With the images removed, repeat the data below exactly.

* _GIVEN MATERIAL_
╔══

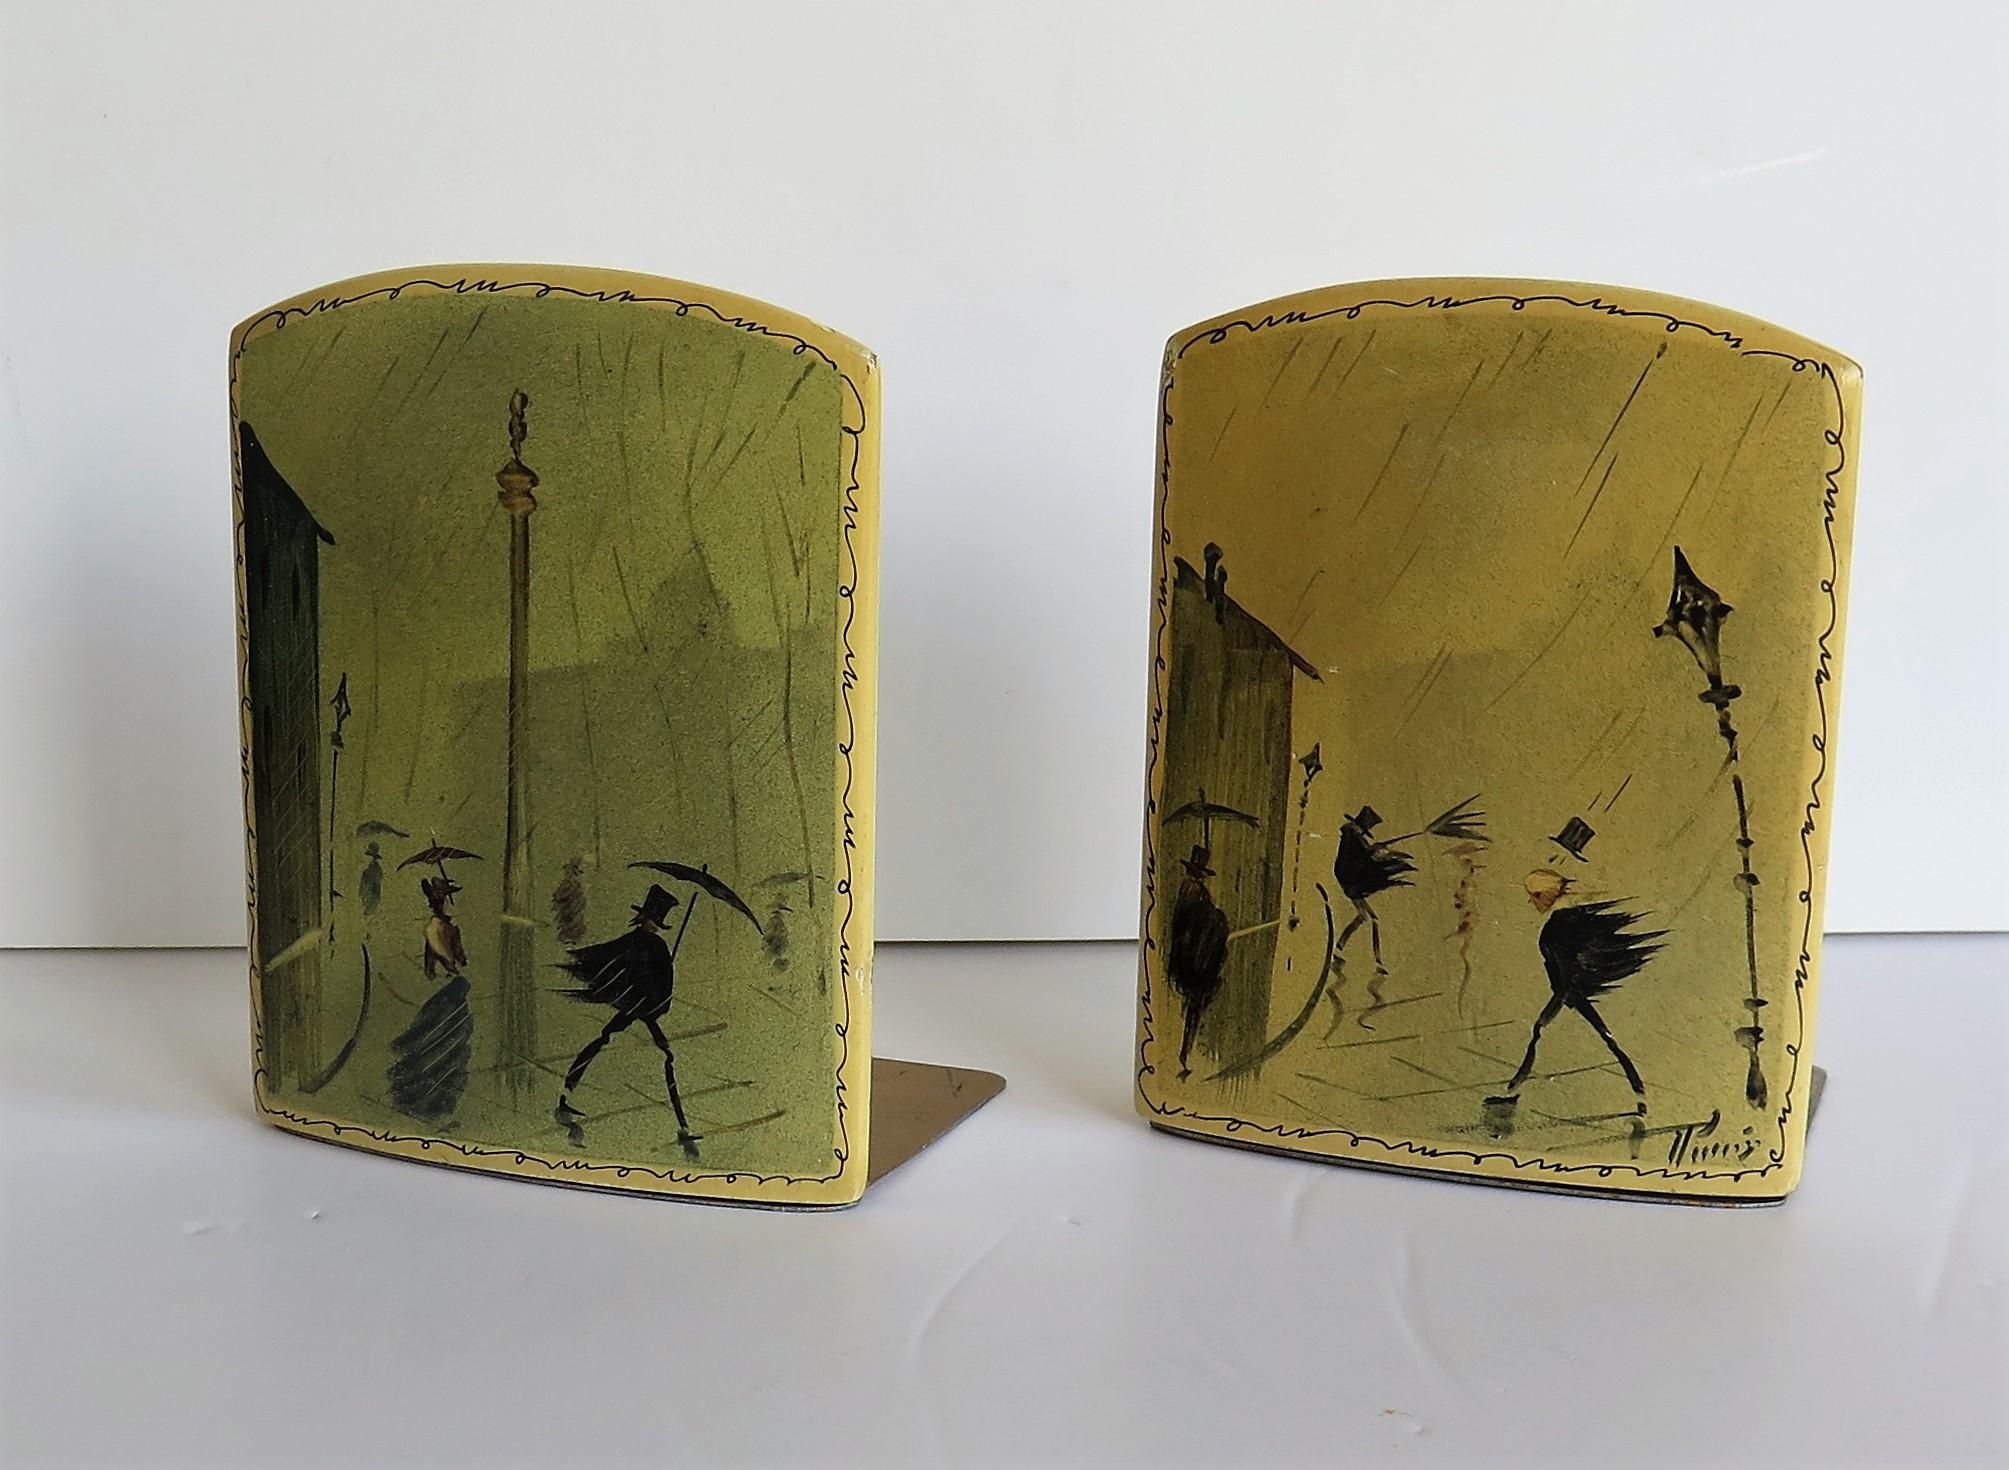 These are a beautiful, rare pair of French book ends, hand painted and signed, which we date to the late 19th century.

Each bookend has a hinged folding metal base section 

The bookends have been beautifully hand painted in a free flowing style,

╚══

* _TASK RESPONSE_
 These are a beautiful, rare pair of French book ends, hand painted and signed, which we date to the late 19th century.

Each bookend has a hinged folding metal base section 

The bookends have been beautifully hand painted in a free flowing style,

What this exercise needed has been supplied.